Despite the normal attempts to continue eastward it begins to confront the vast high pressure area that stretches from the far Eastern Atlantic to the United States.  If one is to believe the GFS, this trough is no match for such a might region of high pressure, so instead of moving further east it simply works south with time...with each disturbance feeding in from the back (west) drops yet further south through the Tennessee Valley. As such, the pressure gradient in the mid-upper levels tightens harboring more of a steady SSW flow aloft, while winds at the surface remain much lighter, enough to allow sea breezes each day.  

Meanwhile, as the trough/low drops further south, the "Caribbean Moisture Express" is enhanced further both from the far SW Gulf as well as the south and Central Caribbean.  If again, one is to believe the GFS, then this moisture will feed the whole way up the Eastern Seaboard over  Appalachians toward Maine through Monday next week as a series of impulses exits Florida (perhaps as a result of diurnal afternoon thunderstorm activity over the state) or off the coast of SE Georgia, all commencing sometime around Thursday but much more pronouncedly by Saturday.

Colors are depicting the amount of deep layer moisture. Purple is very high moisture content (necessary to produce rain) whereas the light blue toward the Rockies is very low. This is the forecast of the GFS for Sunday evening. But it continues through early next week. Moisture is being converged or squeezed between high pressure on the far right and low pressure to the west. In this image is also shown some higher moisture dropping into Louisiana/Eastern Texas. That is a reflection of another disturbance dropping south, to eventually join forces with the "Tropical Connection Train" by Tuesday.
 Again, the extended as always is to speak in only very general terms. The next model run will show a variation of this theme...and by the end of the weekend if not much sooner the picture could be quite different. In fact, there might be several variations or completely different conclusions on a continuing basis. The truth can only be revealed as it happens, or at least within a 24-48 time frame. 

 It would not surprise me if even a surface low forms over or near Florida during the course of the weekend. There is  a brief time frame where Florida is shown to be in northerly winds, as perhaps one indeed does form, but then gets scooted up the east coast as some sort of faux warm front.

Flooding might become a big concern for eastern parts of the Mid-Atlantic and west toward Eastern Tennessee and into Virginia before all is said and done if the scenario depicted this morning actually unfolds and comes to fruition.

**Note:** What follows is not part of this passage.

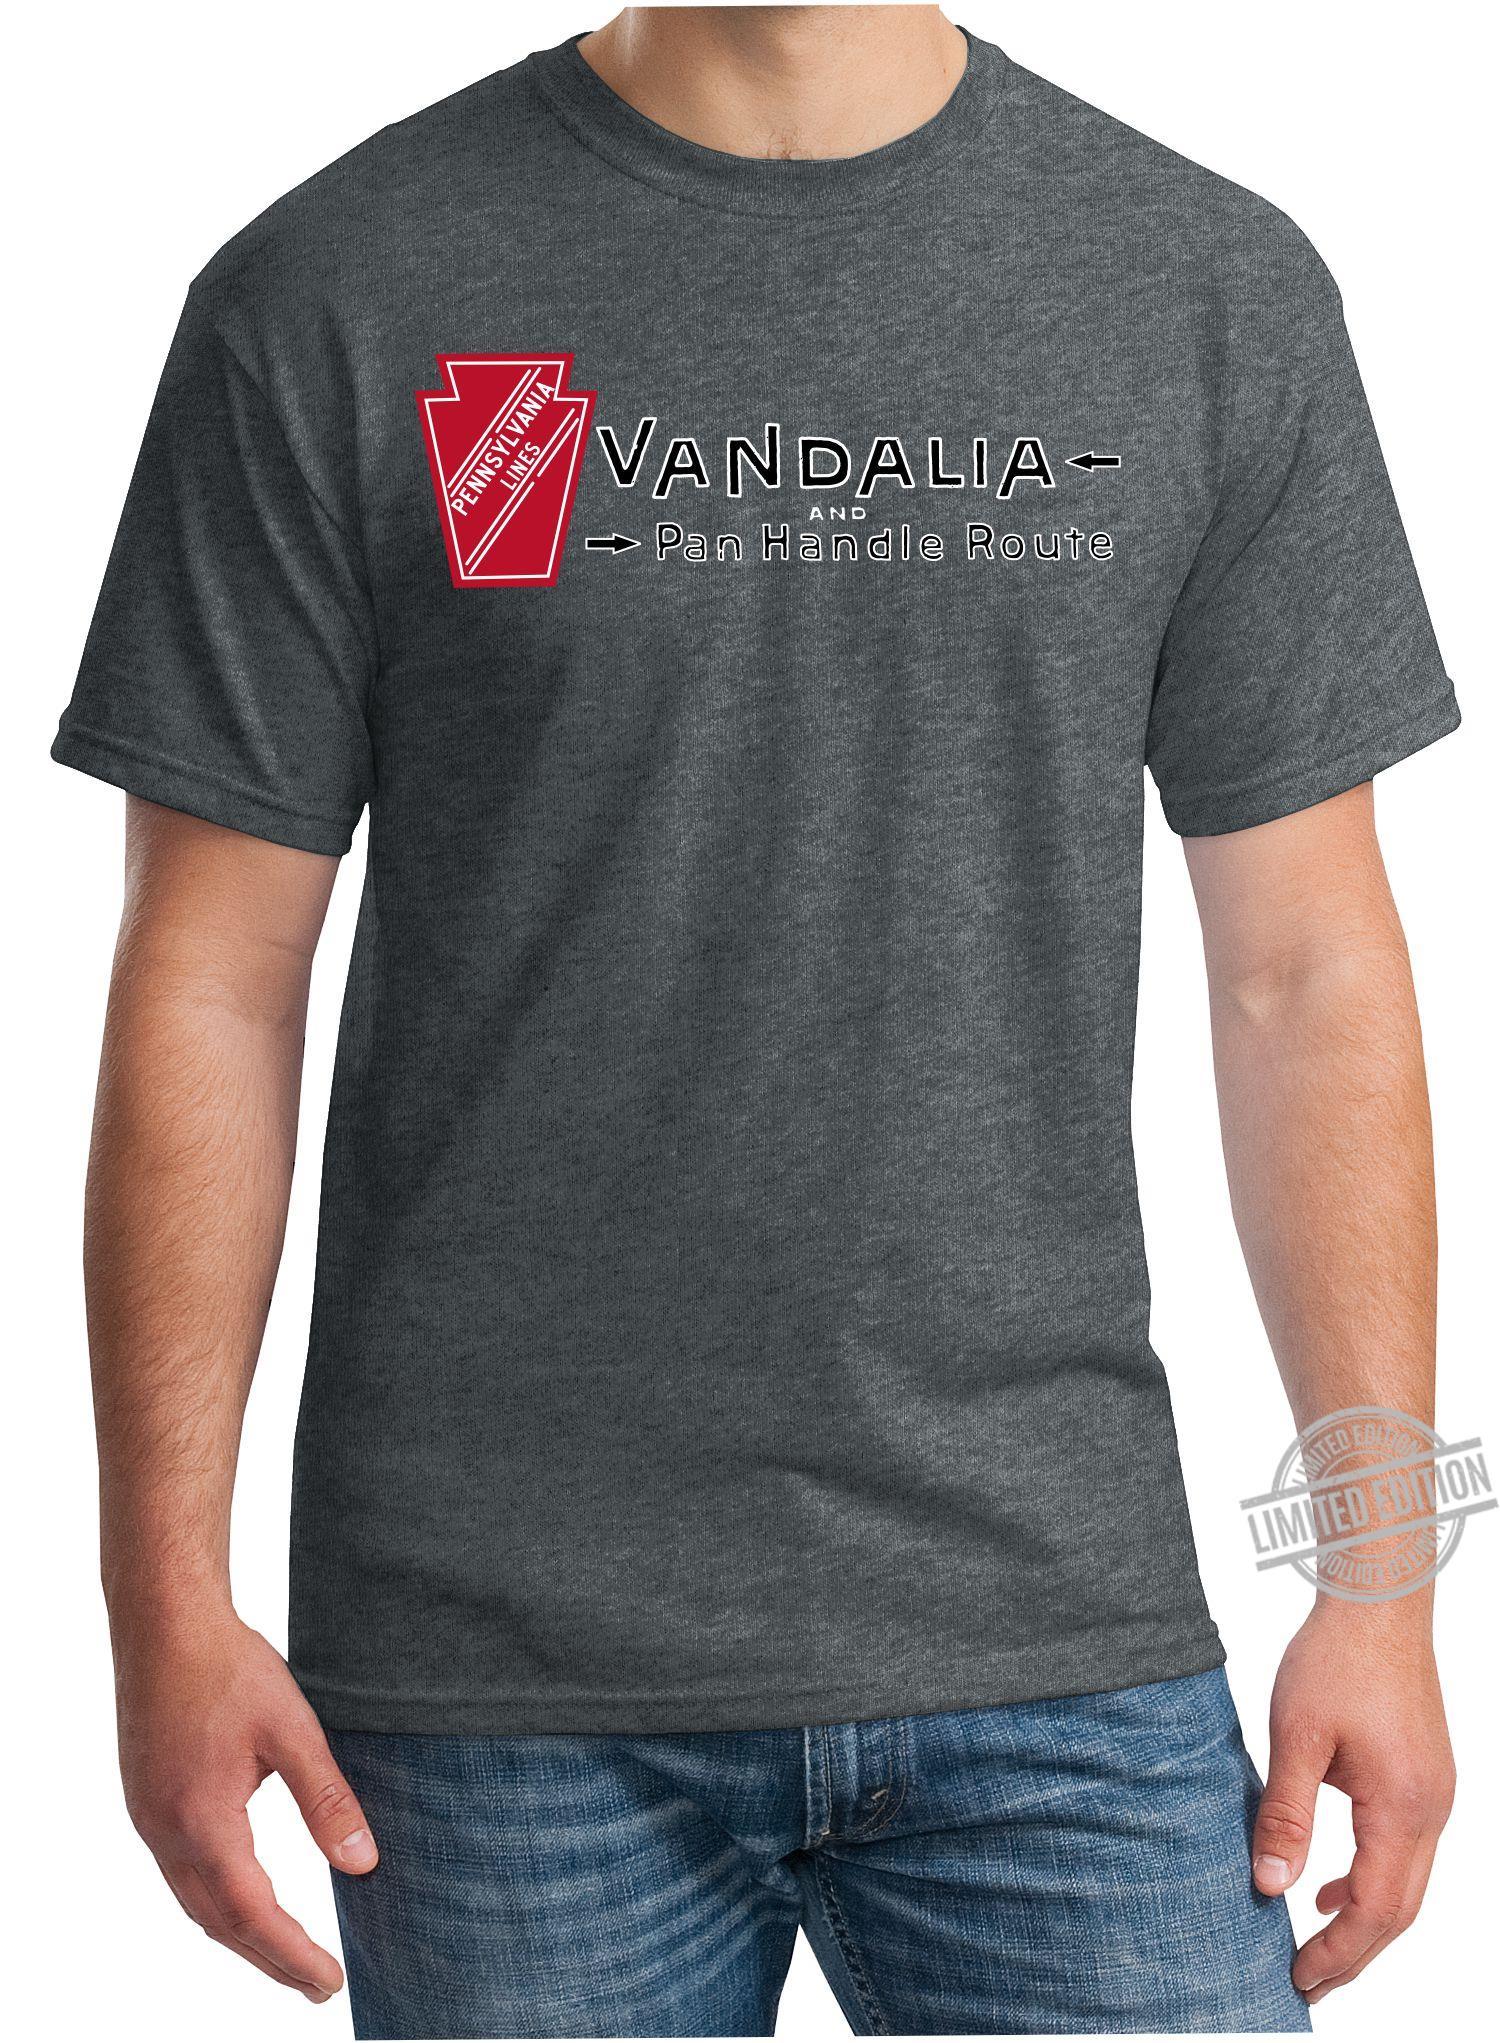 Pennsylvania Lines Vandalia And Pan Handle Route Shirt
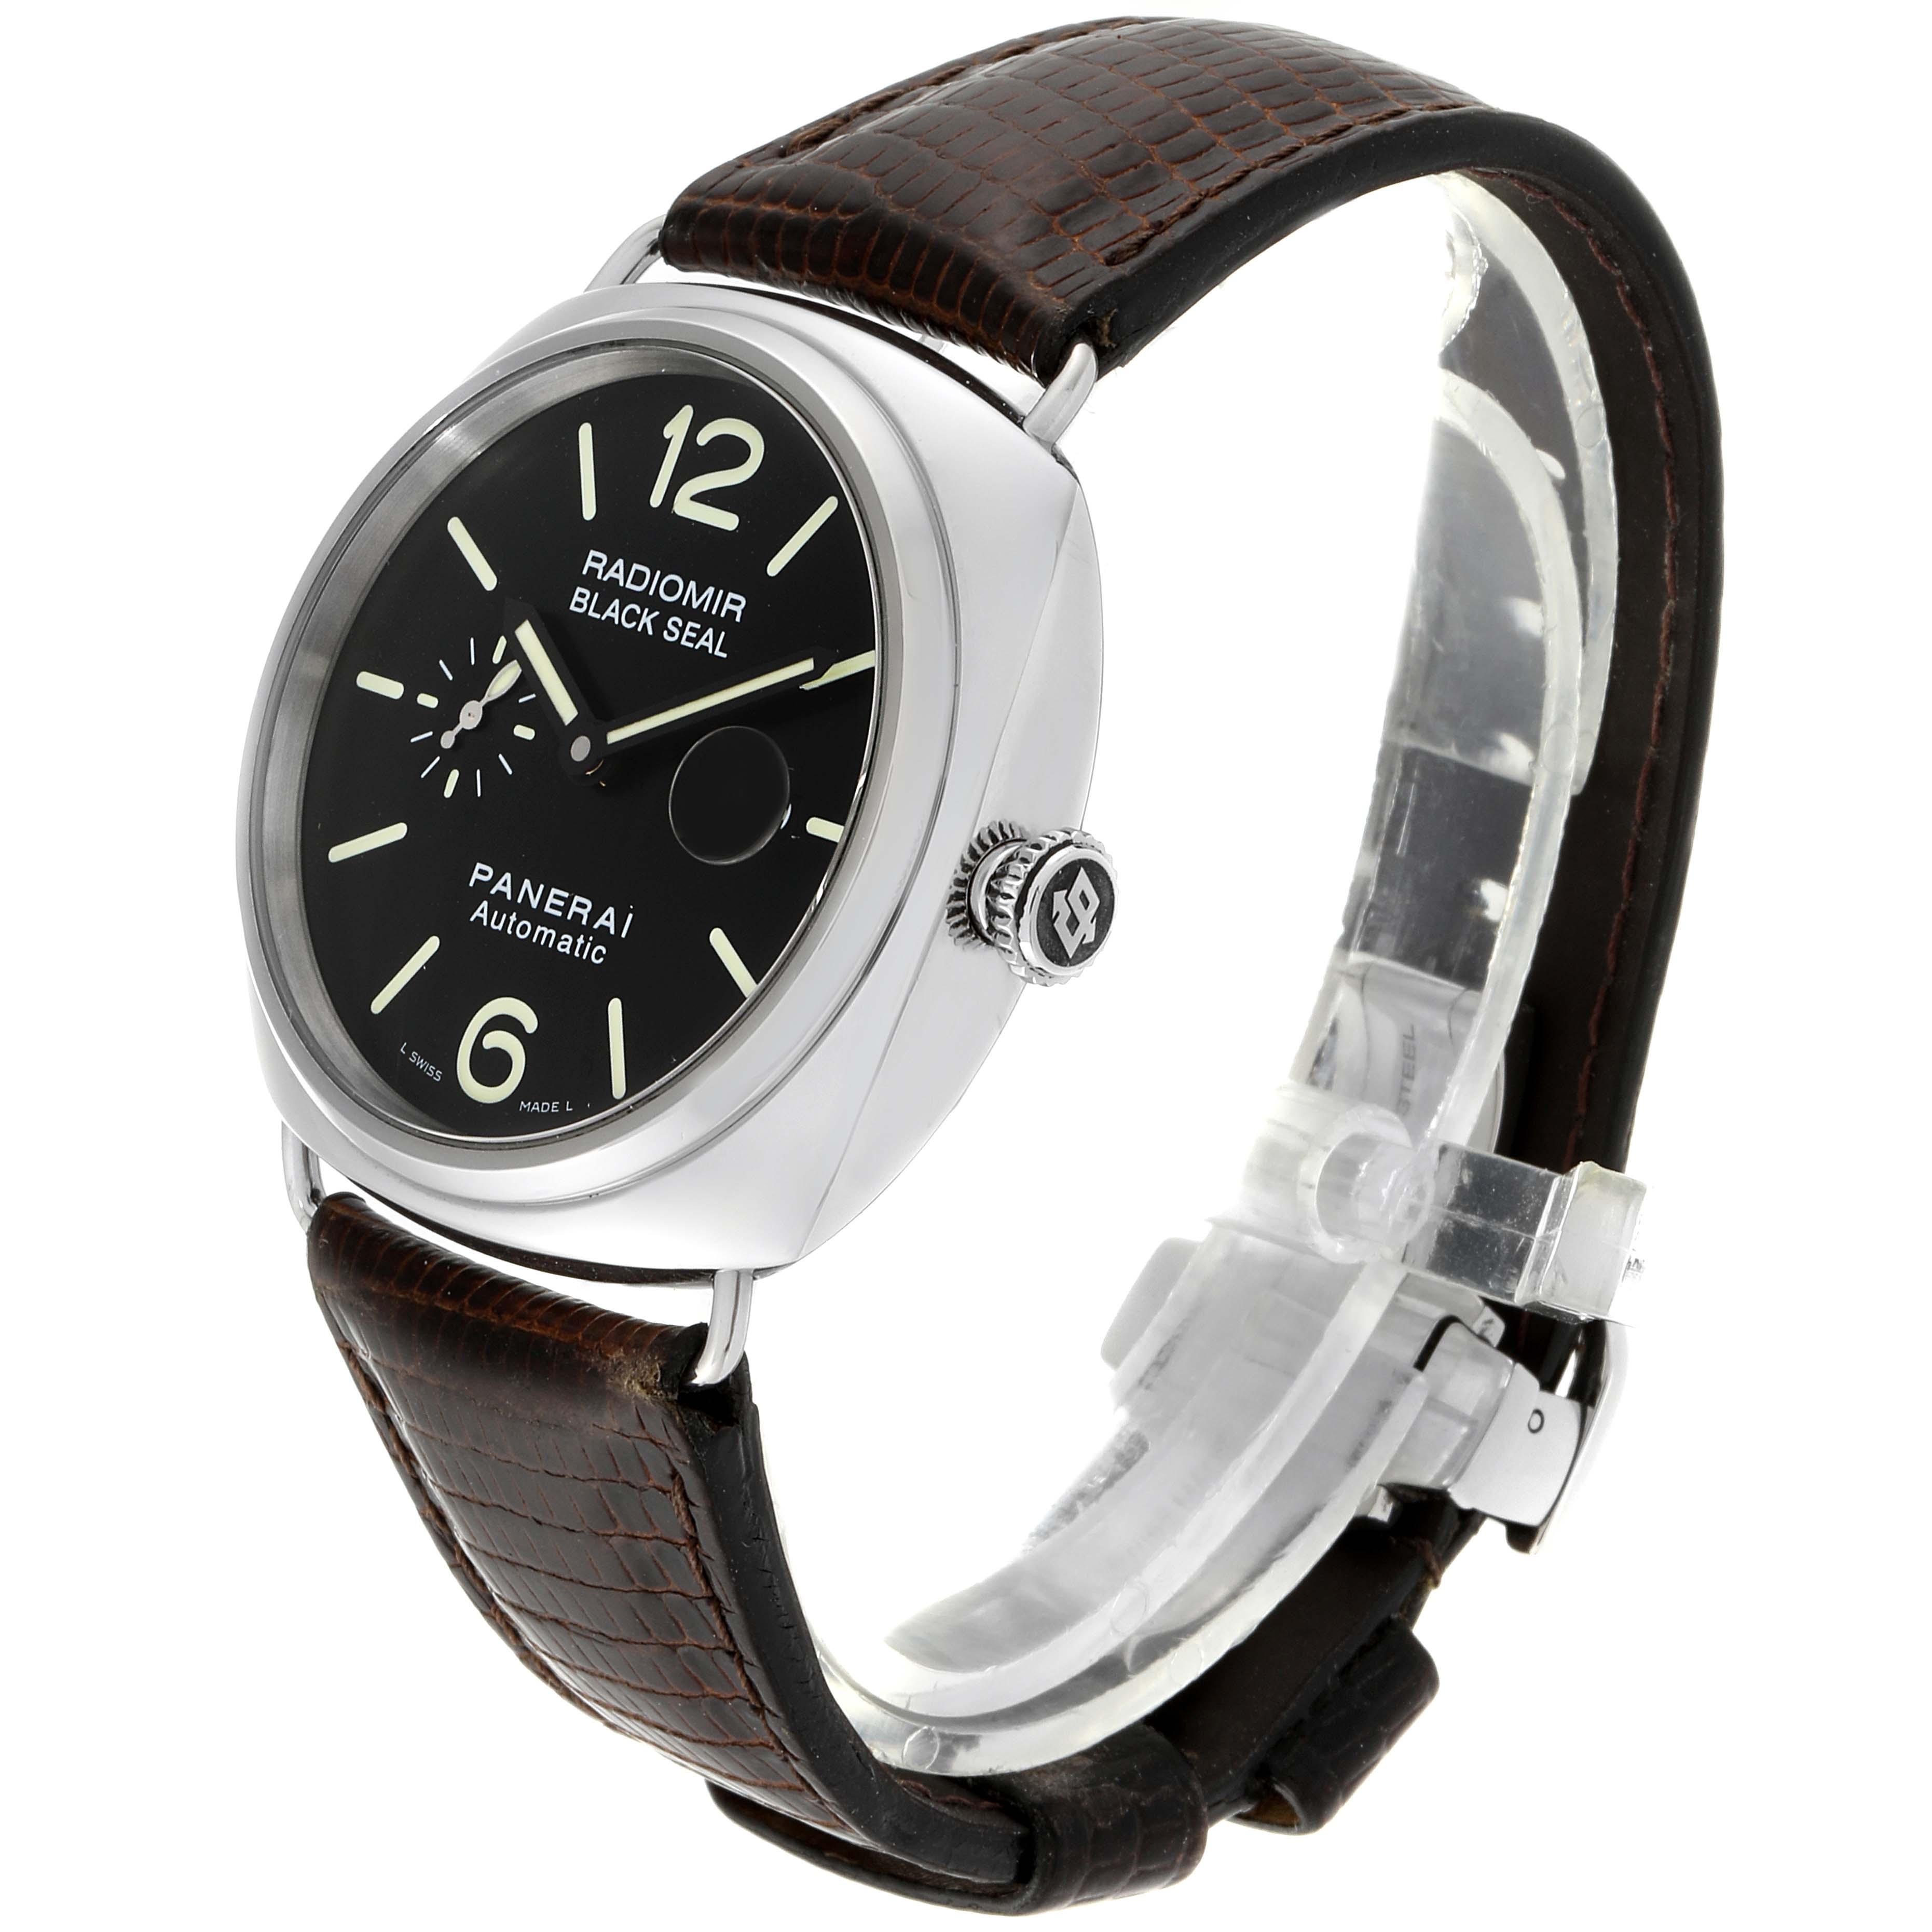 Panerai Radiomir Black Seal Automatic Steel Mens Watch PAM00287 Box Papers SwissWatchExpo

TROPICS: The tropics are being watched, and there might be an "Ophelia" on the approach in the next couple of days. At this point, it appears any said such storm would have to be either diverted north or continue westward into the Caribbean...and over the Leeward/Windward Islands. If it is diverted north, that would mean a break in the pattern just described above...and anything beyond Monday is completely out-to-lunch on the GFS run of 8AM this morning.